Belvedere 21

Oswald Oberhuber

09 Mar - 26 Jun 2016

Exhibition view Oswald Oberhuber, 2016
Photo: © Belvedere, Vienna
9 March - 26 June 2016

Curated by Luisa Ziaja and Alfred Weidinger

Oswald Oberhuber (b. 1931) is one of the most influential living Austrian artists. The current retrospective at 21er Haus can be seen as the most comprehensive presentation of Oberhuber’s work to date, showcasing his prolific output from the late 1940s to the present through approximately 300 objects, including informal sculpture, drawings and paintings, collages, assemblages, writing and number pictures, big fabric works, and many more.

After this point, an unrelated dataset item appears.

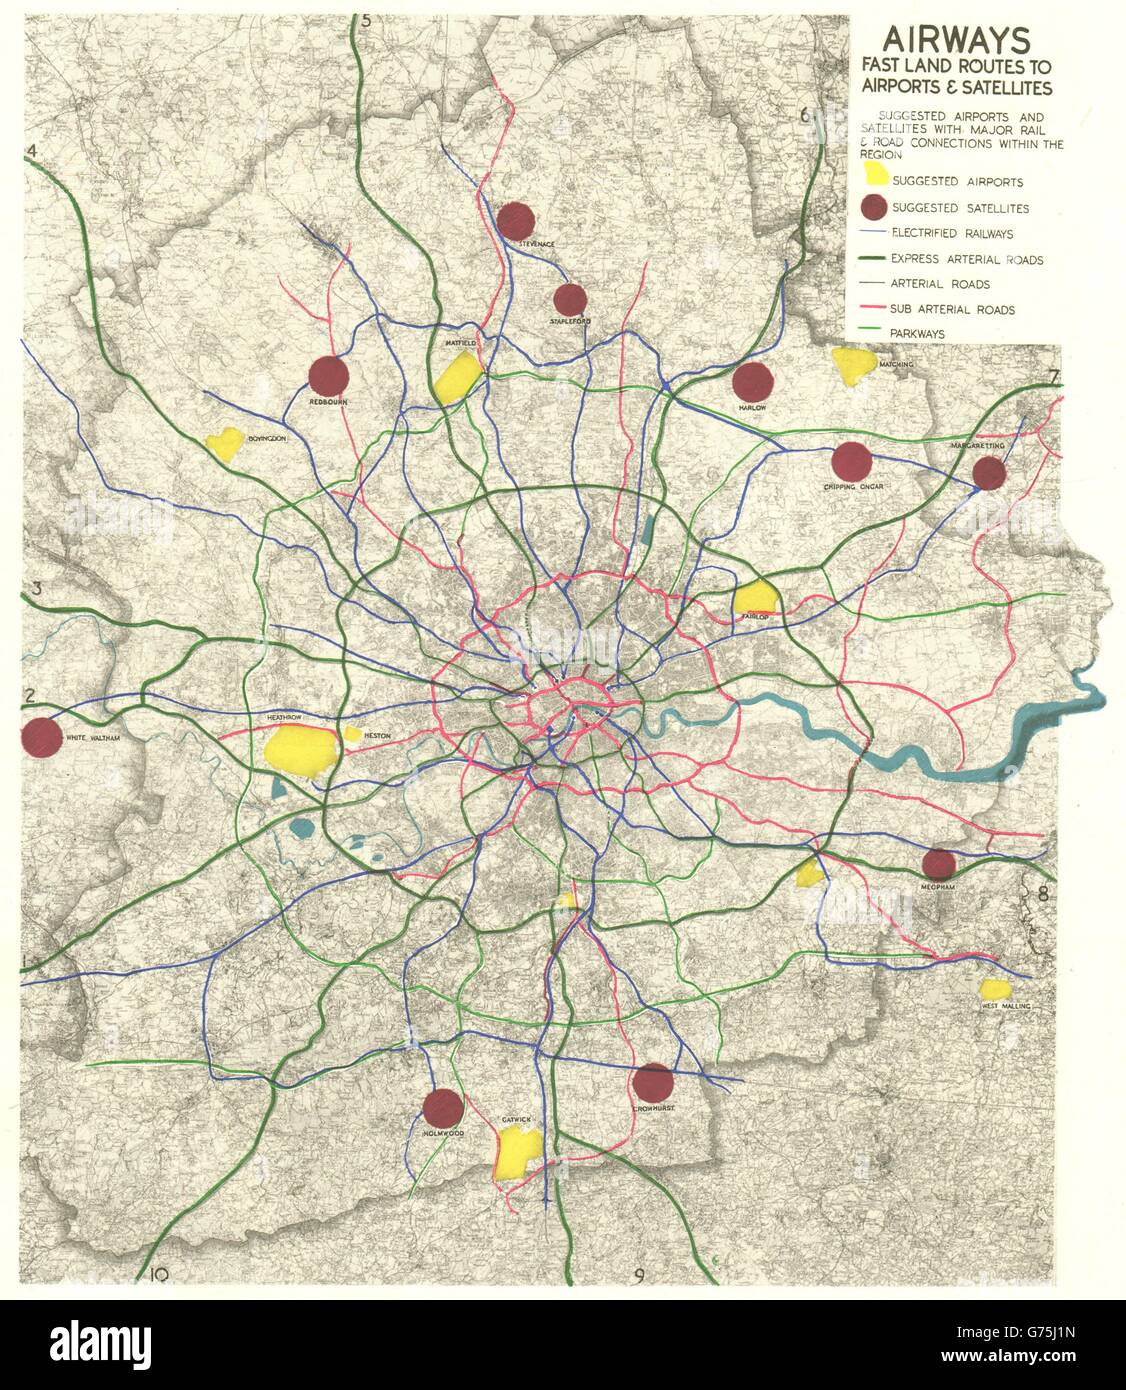 MEHR LONDON PLAN. Flughäfen & Straße/Schiene Verbindungen. ABERCROMBIE, 1944 Karte Stockfoto

“People shouldn’t develop a style; really, every image should be new. At some point, you get into a routine and know how things will turn out. As soon as I feel like that, I’m bored.”

This Principle of Permanent Change refers not only to Oswald Oberhuber’s artistic practice, but also to his roles as exhibition maker, gallery owner, professor and director at the University of Applied Arts Vienna.
Oswald Oberhuber’s work represents permanent change and hence a radical break with the idea of a homogeneous, stylistically consistent oeuvre – he is, as it were, a postmodern artist avant la lettre. This is reflected in the diversity of the exhibition. “Simultaneously”, say the curators Luisa Ziaja and Alfred Weidinger, “throughout the diverse range of styles, media, materials and techniques used, ultimately Oswald Oberhuber is always visible. His approach to form and colour, his focus on the line, are common themes that run through his work and are made strikingly apparent in the way the works are positioned opposite and alongside each other in this exhibition. Based on an idea by Oberhuber himself, the exhibition architecture for the 21er Haus and its interplay with the artworks on display facilitate precisely that: surprising moments between reorientation and continuity.”
Pioneer of Informal Art in Austria

Oswald Oberhuber initially learnt sculpture at the federal vocational school in Innsbruck, Tyrol. At barely twenty years old, he developed an entirely independent artistic approach to French post-war art, particularly Tachisme and Informalism in the media of drawing, painting and sculpture. This non-figurative art – also called Lyrical Abstraction – aspires to completely dissolve form by means of a spontaneous, subconscious creative process. Not only is Oberhuber one of the first informal artists in Austria, but rather by translating these principles from painting into his concept of informal sculpture he also made a unique contribution in an international context. These works are mostly realized as three-dimensional spatial drawings made of plaster, wire and other fragile materials. They contrast radically with the then canonical vocabulary of modernism in general and post-cubist sculpture in particular. In the mid-1950s, at the height of the Informalism Oberhuber brought this phase to a close, started working realistically and took the first of a great number of artistic leaps, which would define his work from this moment on.
Permanent Change

Oberhuber followed this pattern of surprising new beginnings – a testament to his open and agile mind – with great consistency. Referring to Leon Trotsky’s theory of Permanent Revolution, he set forth his Principle of Permanent Change in Art in 1956. Always evading definition and categorization, unaffected by reservations, Oberhuber explores a wide range of artistic movements, discovers and devises, experiments and assimilates, to exhaust each potential before moving on to the next new thing. His anti-heroic approach to art manifests itself in his constant questioning of his own method as well as the parameters of the artistic production of meaning and the concepts of work and author, which repeatedly begin to unravel.